Activity: Exclude the pictures and set down, unaltered, the lines from the one that holds "UCL FC Barcelona" through the end of the data.

Recorded data:
=== Section Start ===
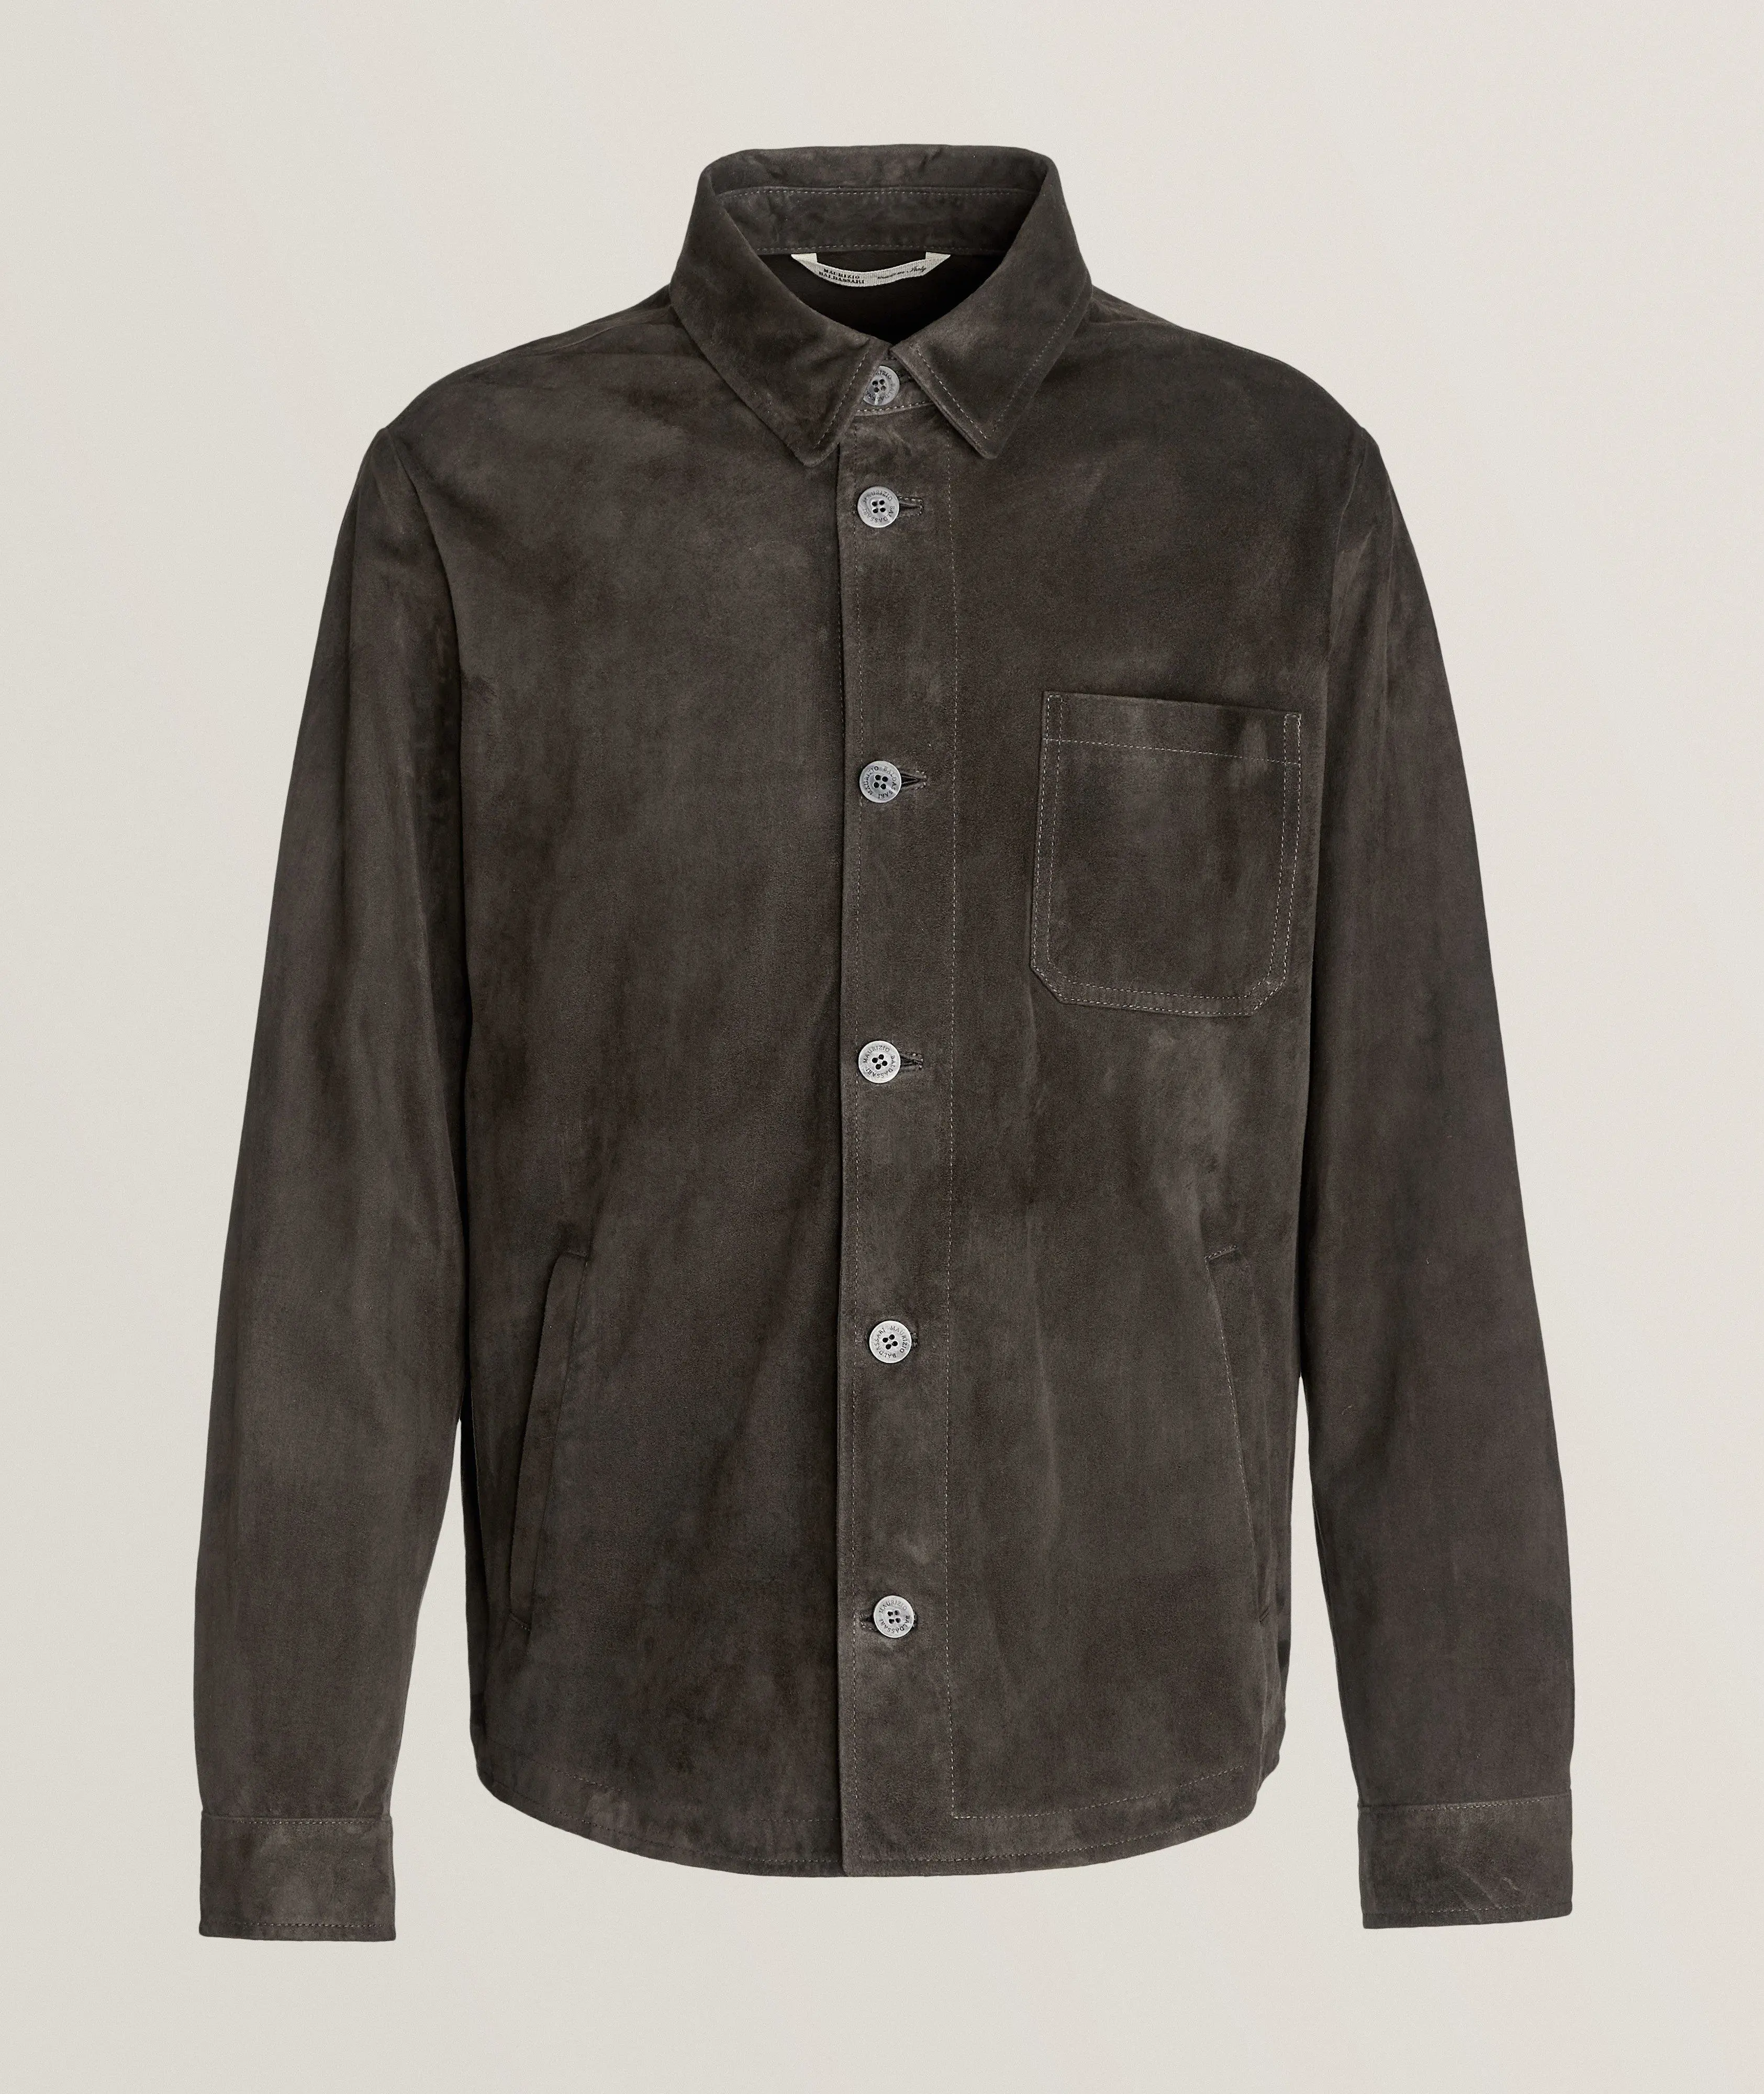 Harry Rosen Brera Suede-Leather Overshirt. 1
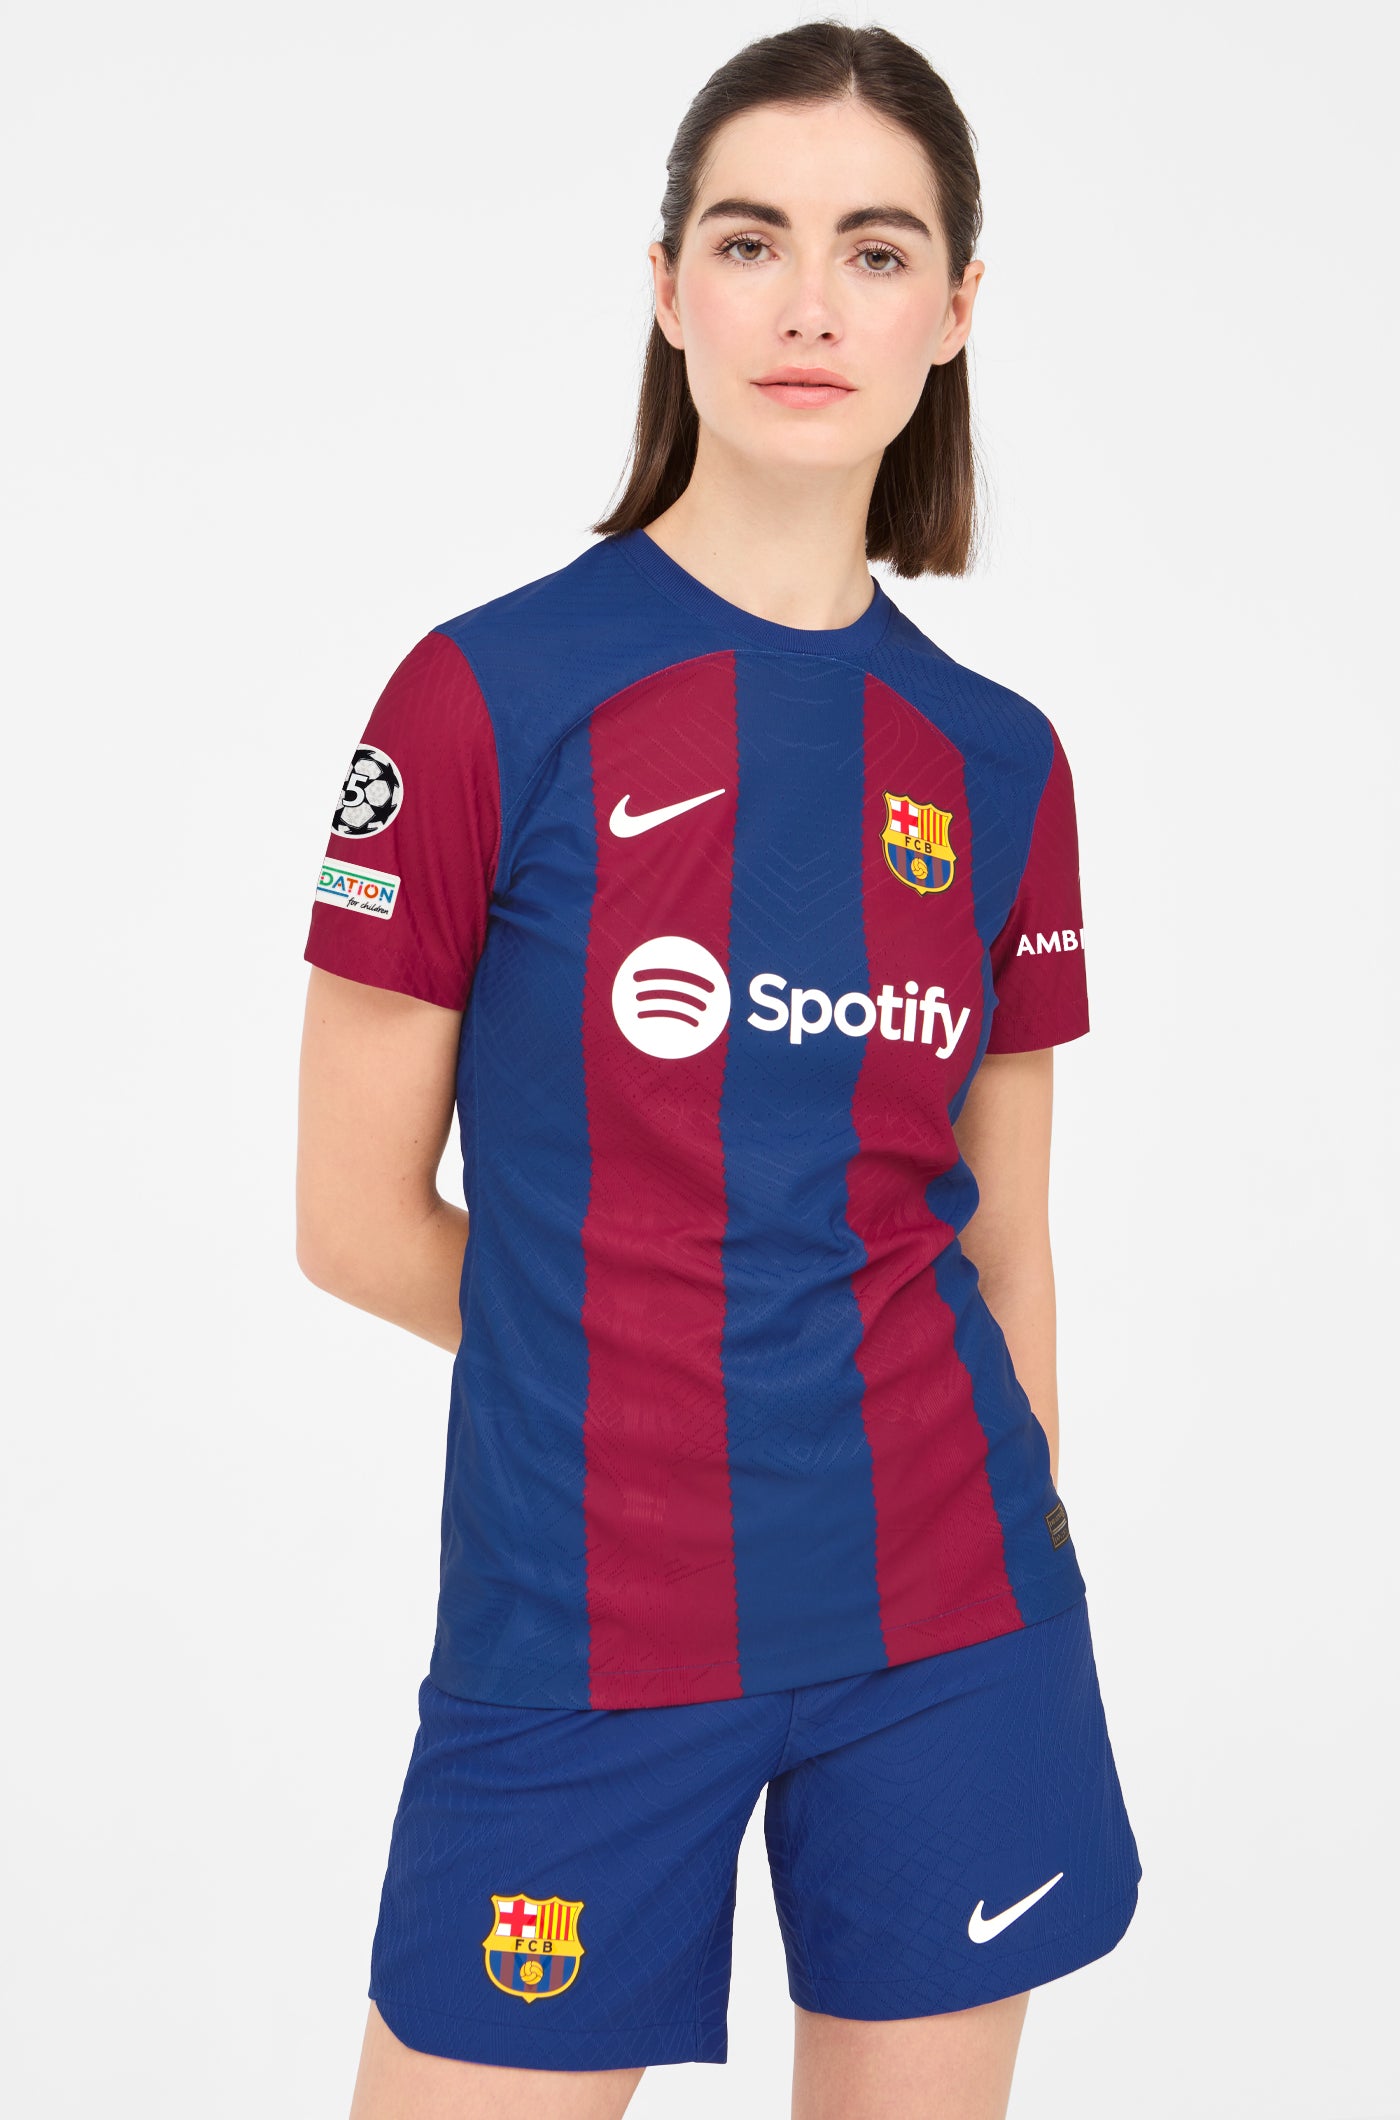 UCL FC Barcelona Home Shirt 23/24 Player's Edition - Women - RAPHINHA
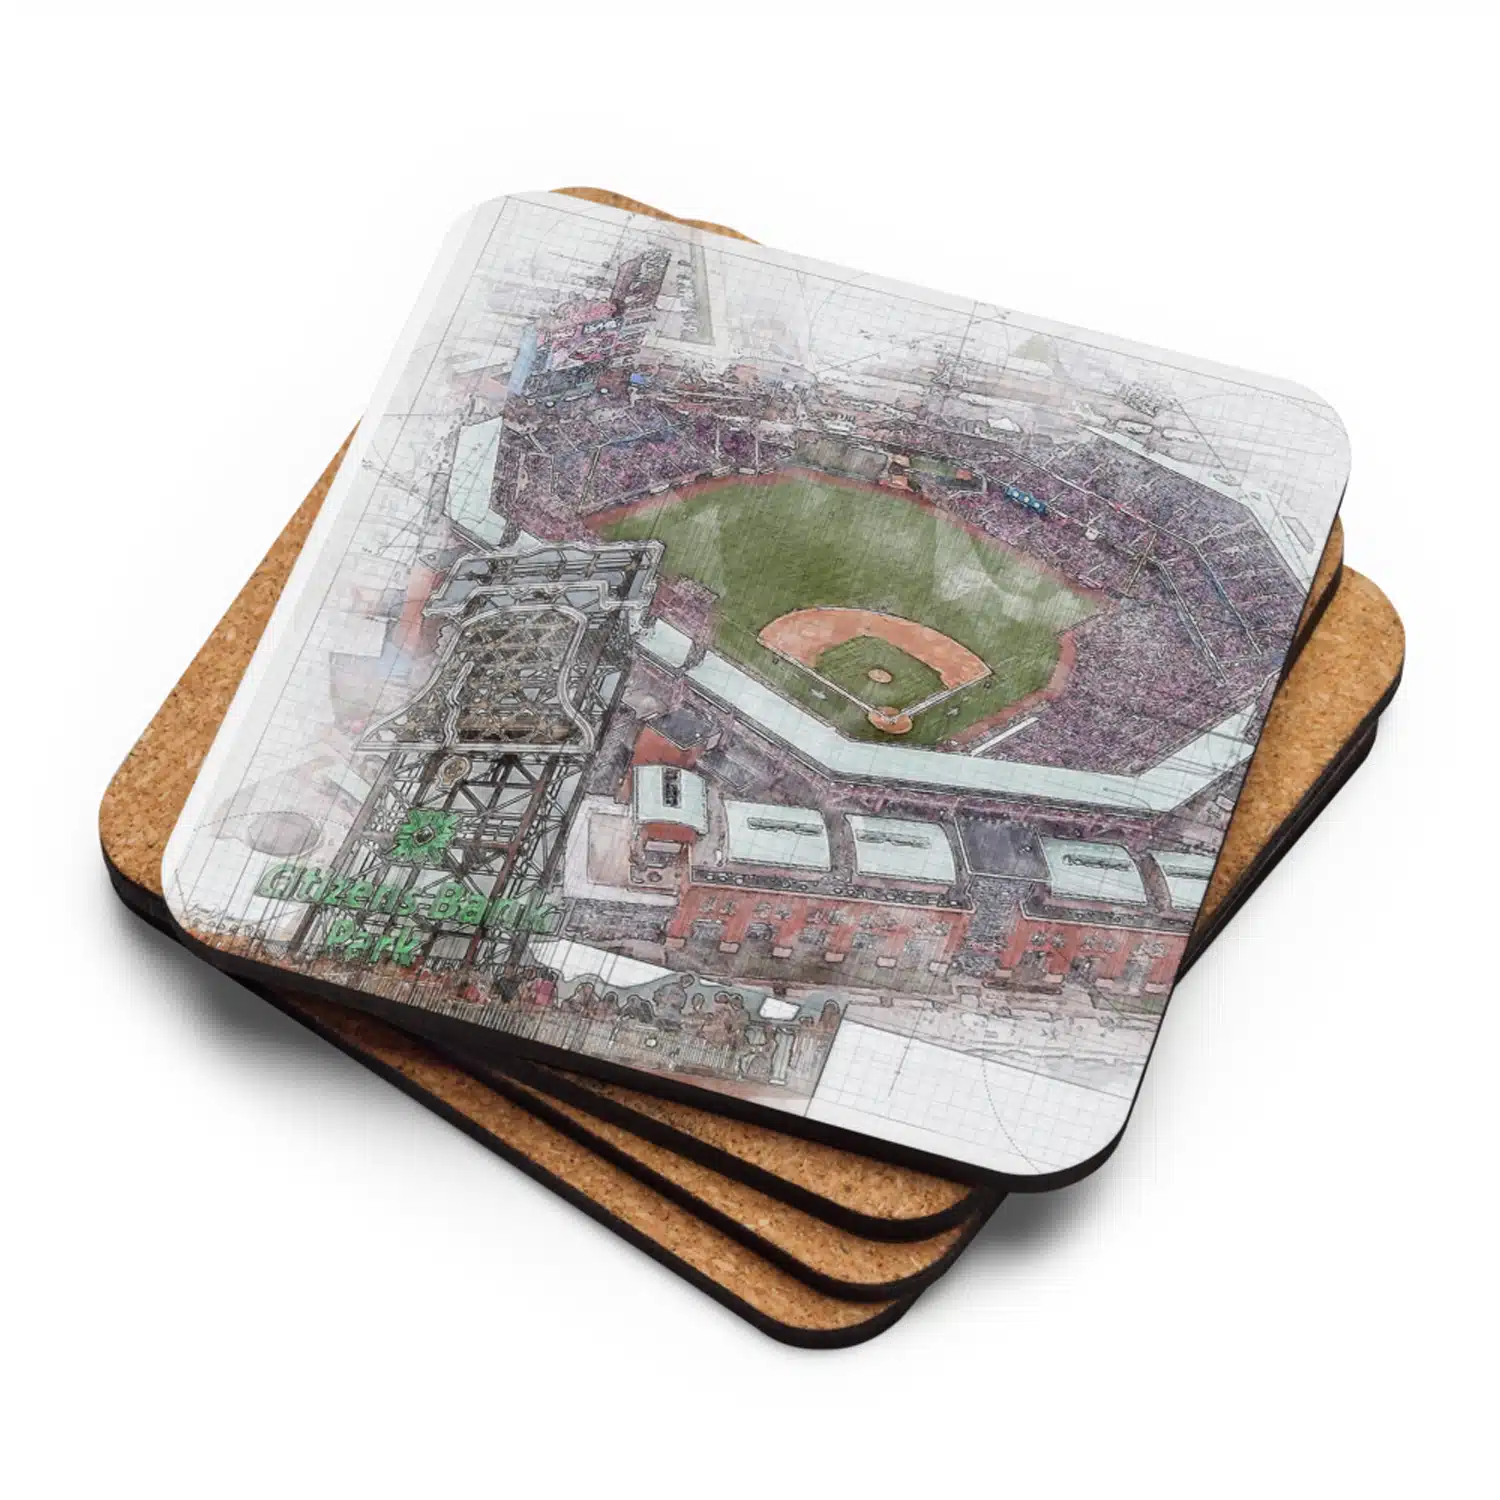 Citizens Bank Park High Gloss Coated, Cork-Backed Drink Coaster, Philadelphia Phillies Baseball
=== Section End ===
Answer to the problem:
 UCL FC Barcelona Home Shirt 23/24 Player's Edition - Women - RAPHINHA
 Citizens Bank Park High Gloss Coated, Cork-Backed Drink Coaster, Philadelphia Phillies Baseball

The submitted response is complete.